_COLLECTED MATERIAL_
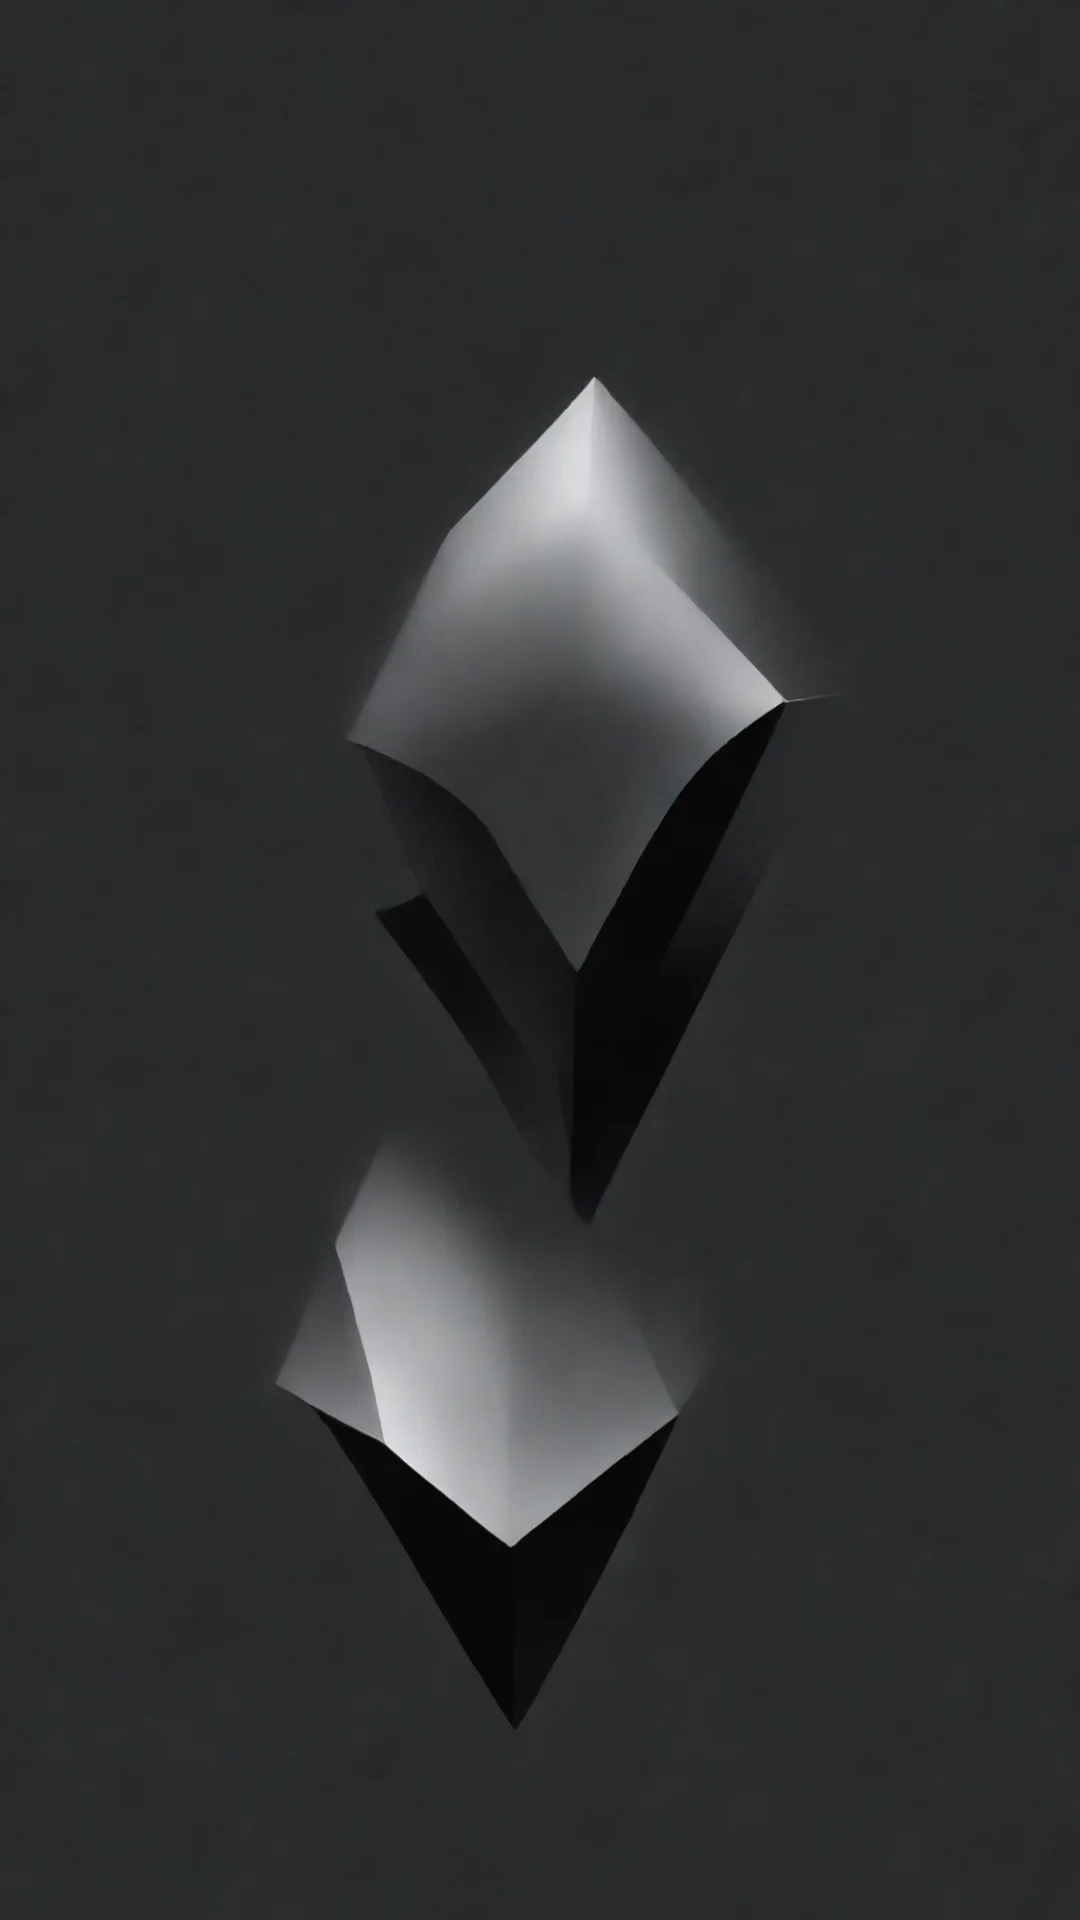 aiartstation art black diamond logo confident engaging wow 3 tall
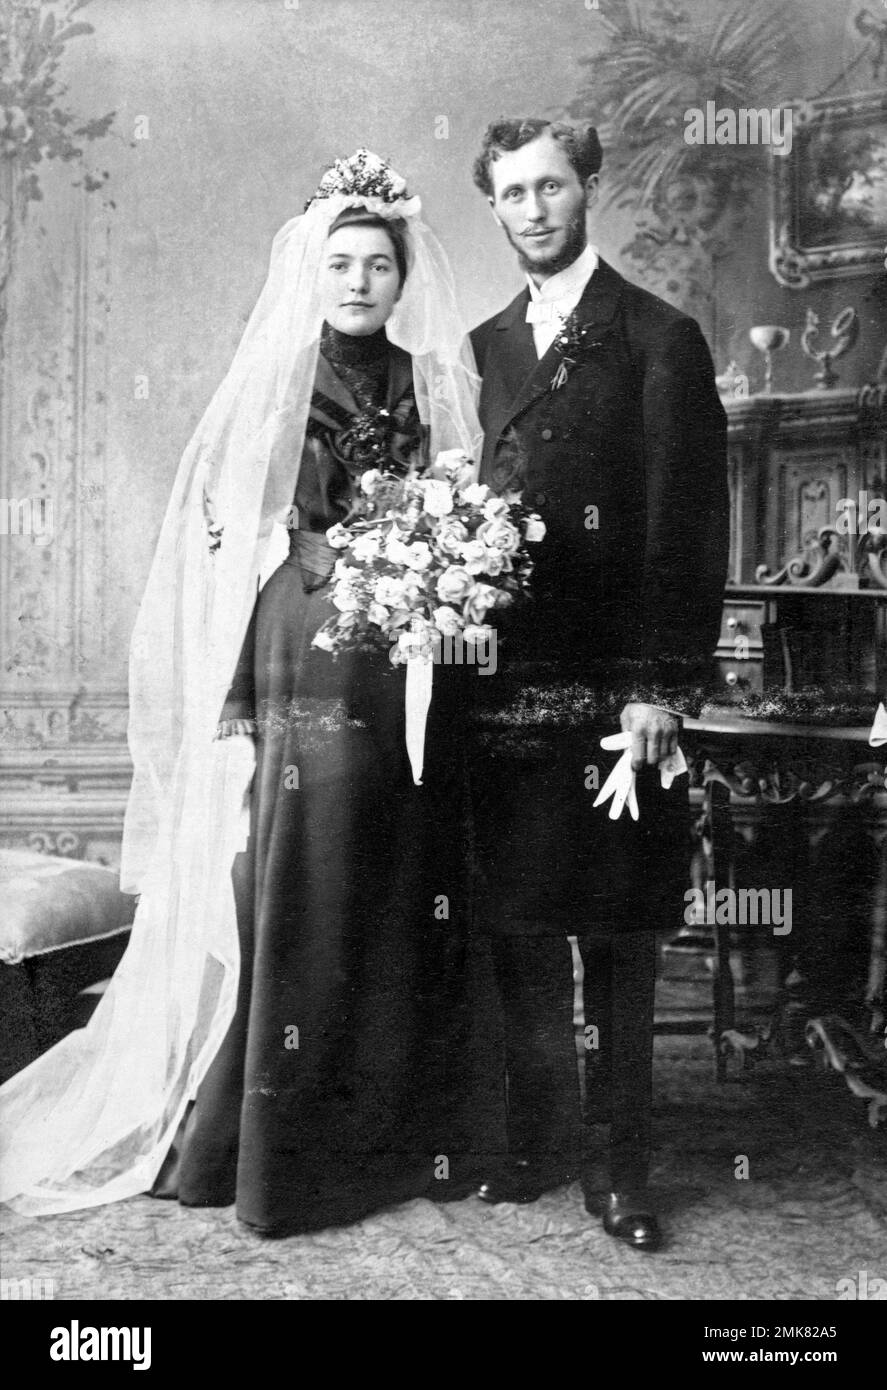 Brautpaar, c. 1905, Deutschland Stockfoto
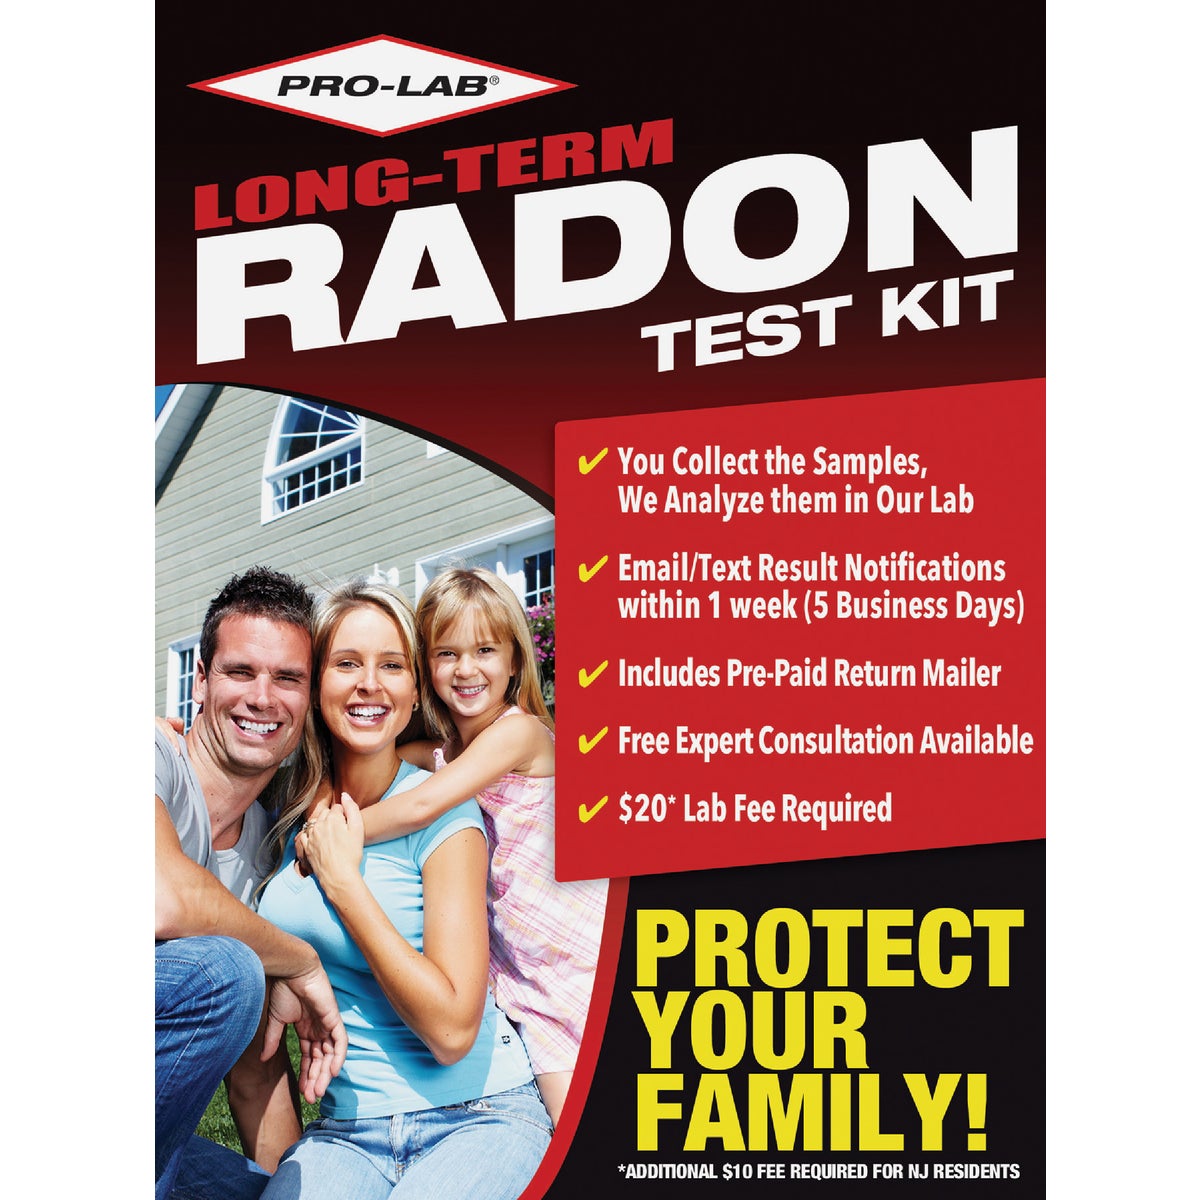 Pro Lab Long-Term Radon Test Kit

_TO DO_
Everything from the line with "Brautpaar, c. 1905, Deutschland Stockfoto" through the last line above should be reproduced exactly, both ends included; pictures must be omitted.

_WRITTEN SOLUTION_
 Brautpaar, c. 1905, Deutschland Stockfoto
 Pro Lab Long-Term Radon Test Kit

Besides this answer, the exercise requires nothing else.